**WORK ITEM**
Skip the pictures. Quote every line below, exactly, from the one with "La presente Ley" through the final line.

─── GIVEN INFORMATION

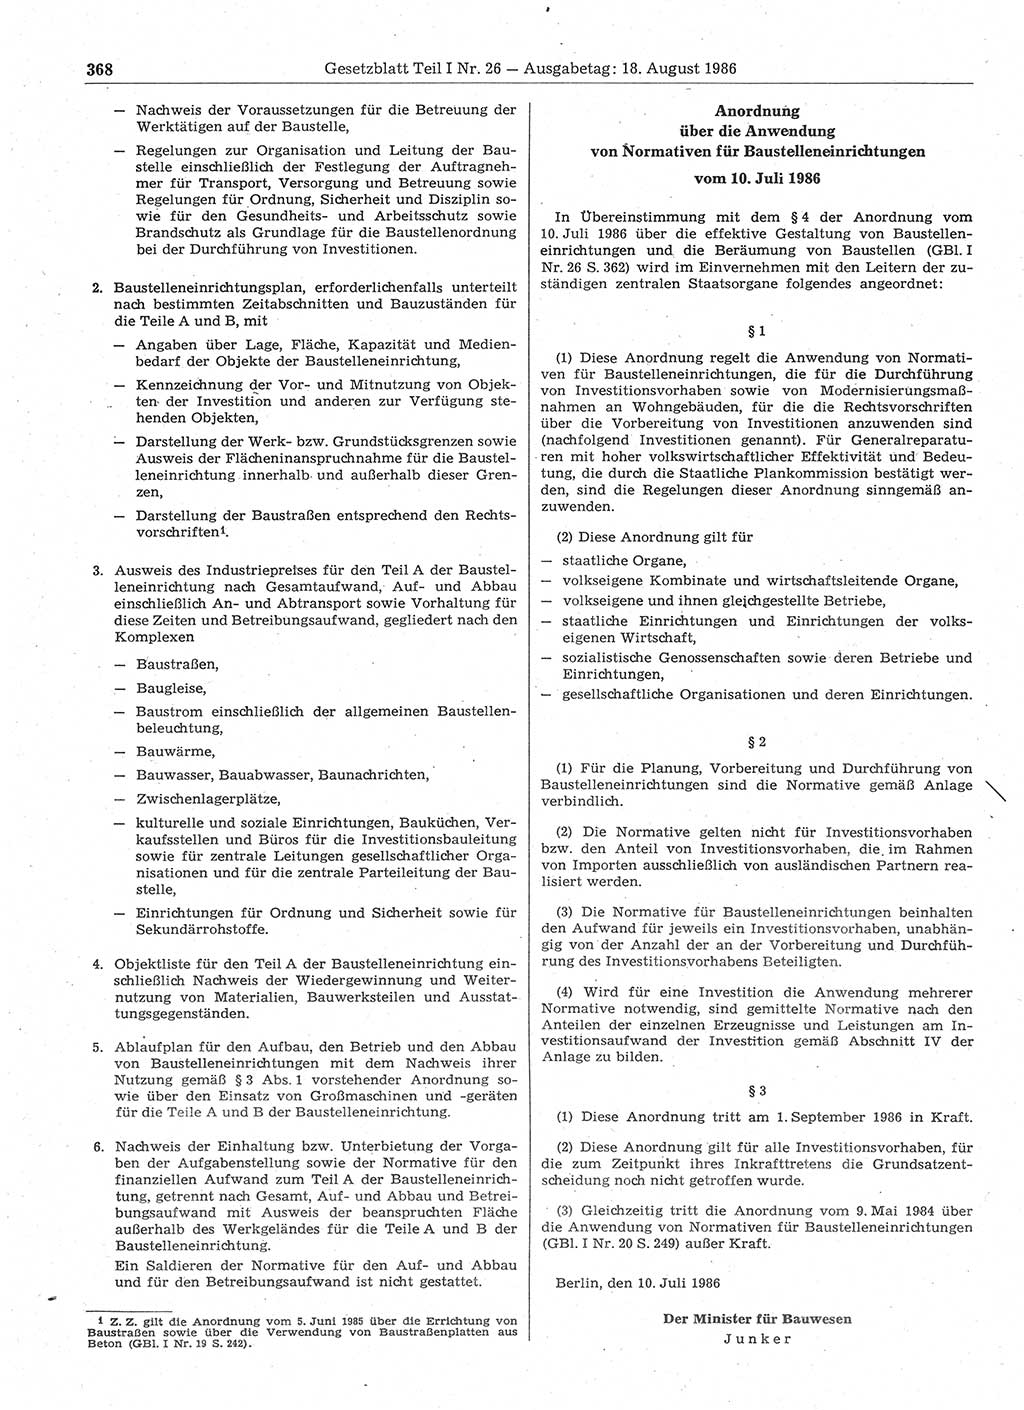 Gesetzblatt (GBl.) der Deutschen Demokratischen Republik (DDR) Teil Ⅰ 1986, Seite 368 (GBl. DDR Ⅰ 1986, S. 368)
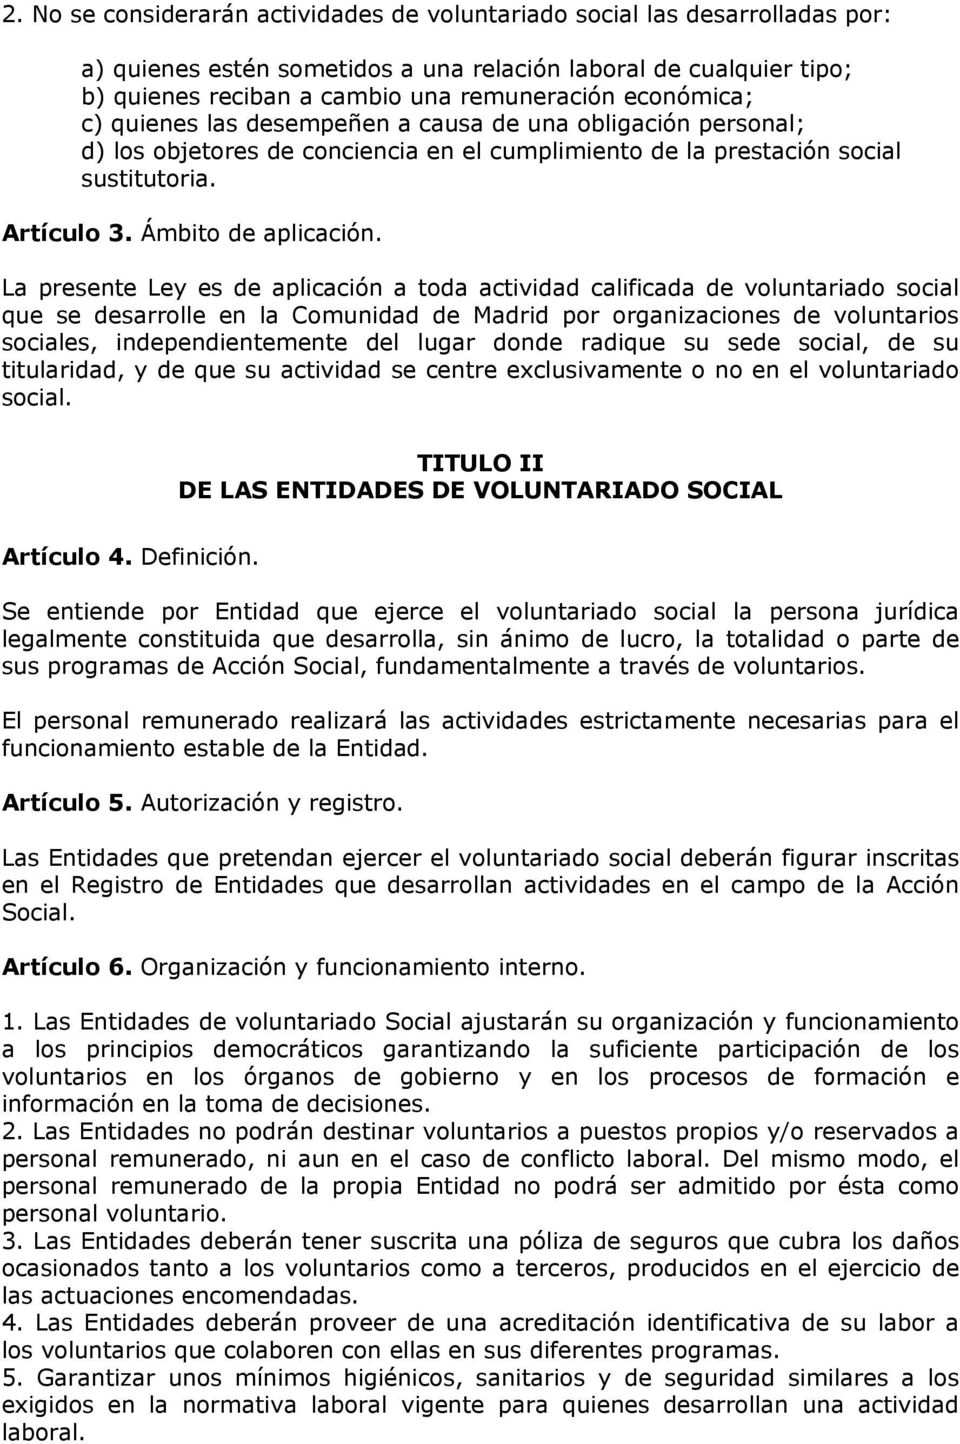 La presente Ley es de aplicación a toda actividad calificada de voluntariado social que se desarrolle en la Comunidad de Madrid por organizaciones de voluntarios sociales, independientemente del
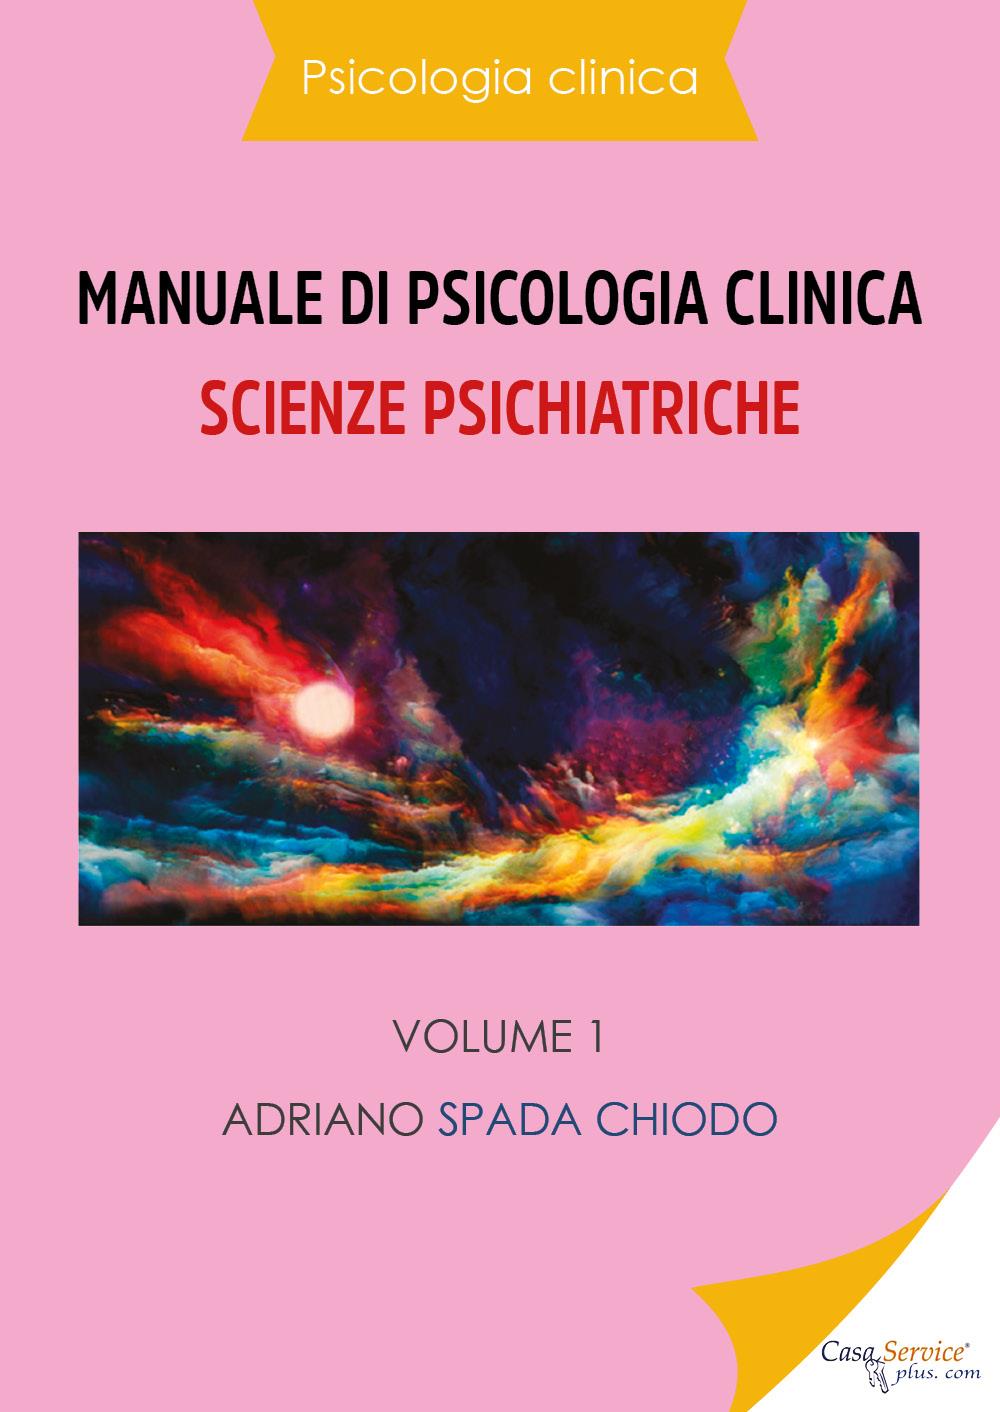 Psicologia clinica - Manuale di psicologia clinica - Scienze psichiatriche - Vol. 1

──────

**REPLY TO THE TASK**
 La presente Ley es de aplicación a toda actividad calificada de voluntariado social que se desarrolle en la Comunidad de Madrid por organizaciones de voluntarios sociales, independientemente del
 Psicologia clinica - Manuale di psicologia clinica - Scienze psichiatriche - Vol. 1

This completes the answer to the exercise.